🤖 AI Summary
This study addresses the instability and unpredictability of strategies exhibited by large language models (LLMs) in multi-agent strategic interactions, often stemming from context dependence. It systematically introduces low-cost pre-play communication—commonly known as "cheap talk"—into repeated prisoner’s dilemma settings to evaluate its impact on strategic stability. Using LOWESS regression to model cooperation trajectories and employing bootstrap resampling with nonparametric inference for statistical analysis, the work demonstrates that cheap talk significantly reduces noise in strategic trajectories and enhances behavioral predictability. These effects remain robust across diverse prompting and decoding strategies, with the most pronounced improvements observed in highly volatile models.
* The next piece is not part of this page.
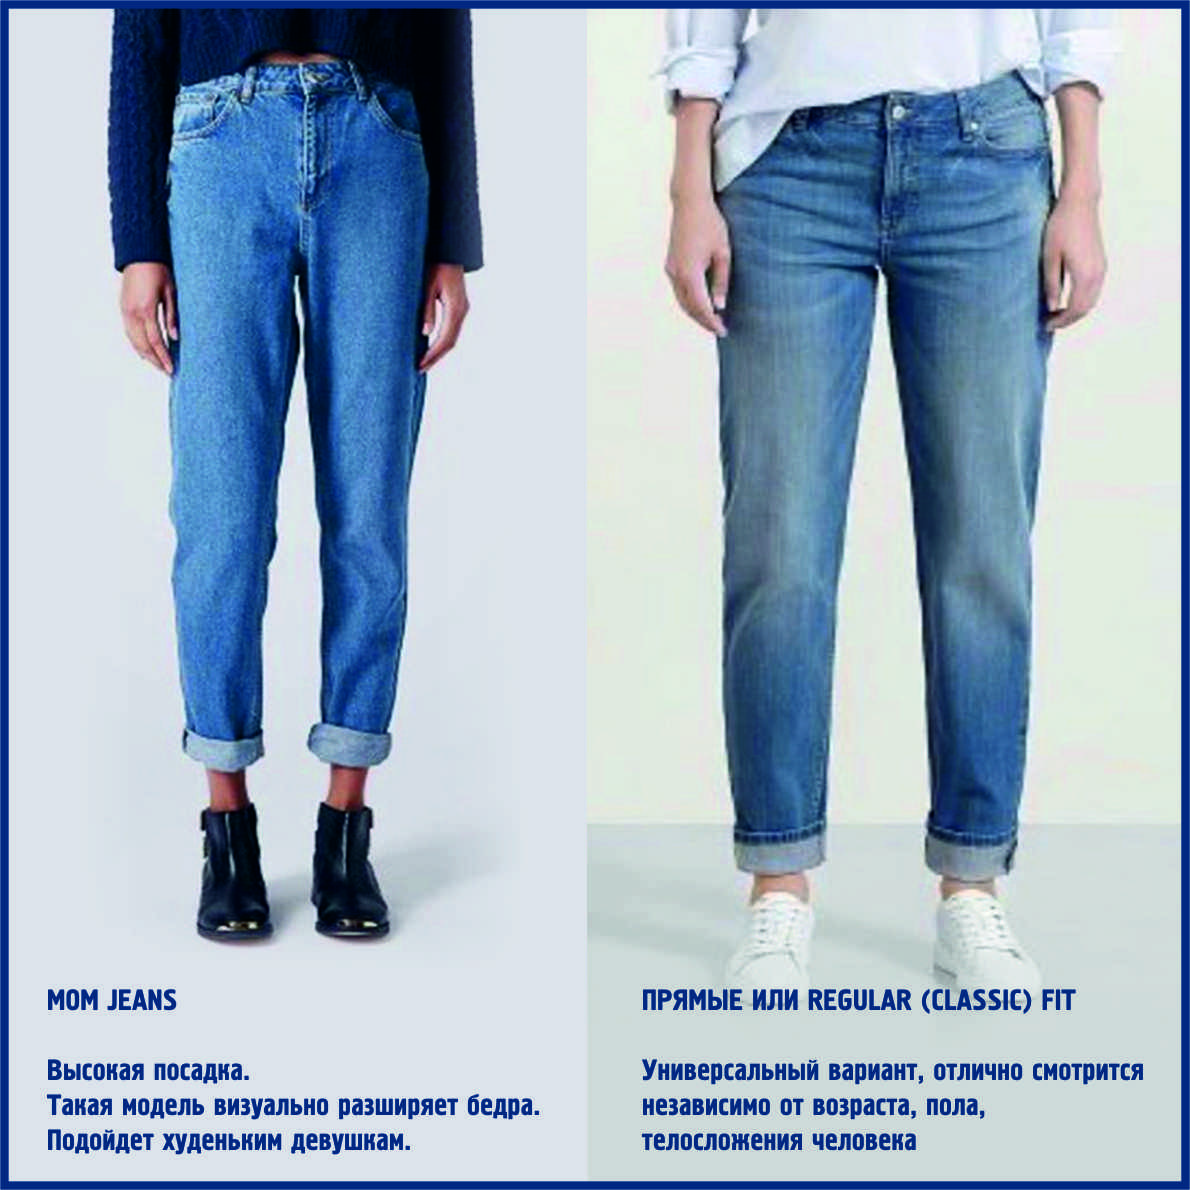 Как выбрать женские джинсы правильно - 5 важных правил

Only a minimal number of contextual configurations exhibit slight reductions in stability.
📝 Abstract
Large Language Models (LLMs) often exhibit pronounced context-dependent variability that undermines predictable multi-agent behavior in tasks requiring strategic thinking. Focusing on models that range from 7 to 9 billion parameters in size engaged in a ten-round repeated Prisoner's Dilemma, we evaluate whether short, costless pre-play messages emulating the cheap-talk paradigm affect strategic stability. Our analysis uses simulation-level bootstrap resampling and nonparametric inference to compare cooperation trajectories fitted with LOWESS regression across both the messaging and the no-messaging condition. We demonstrate consistent reductions in trajectory noise across a majority of the model-context pairings being studied. The stabilizing effect persists across multiple prompt variants and decoding regimes, though its magnitude depends on model choice and contextual framing, with models displaying higher baseline volatility gaining the most. While communication rarely produces harmful instability, we document a few context-specific exceptions and identify the limited domains in which communication harms stability. These findings position cheap-talk style communication as a low-cost, practical tool for improving the predictability and reliability of strategic behavior in multi-agent LLM systems.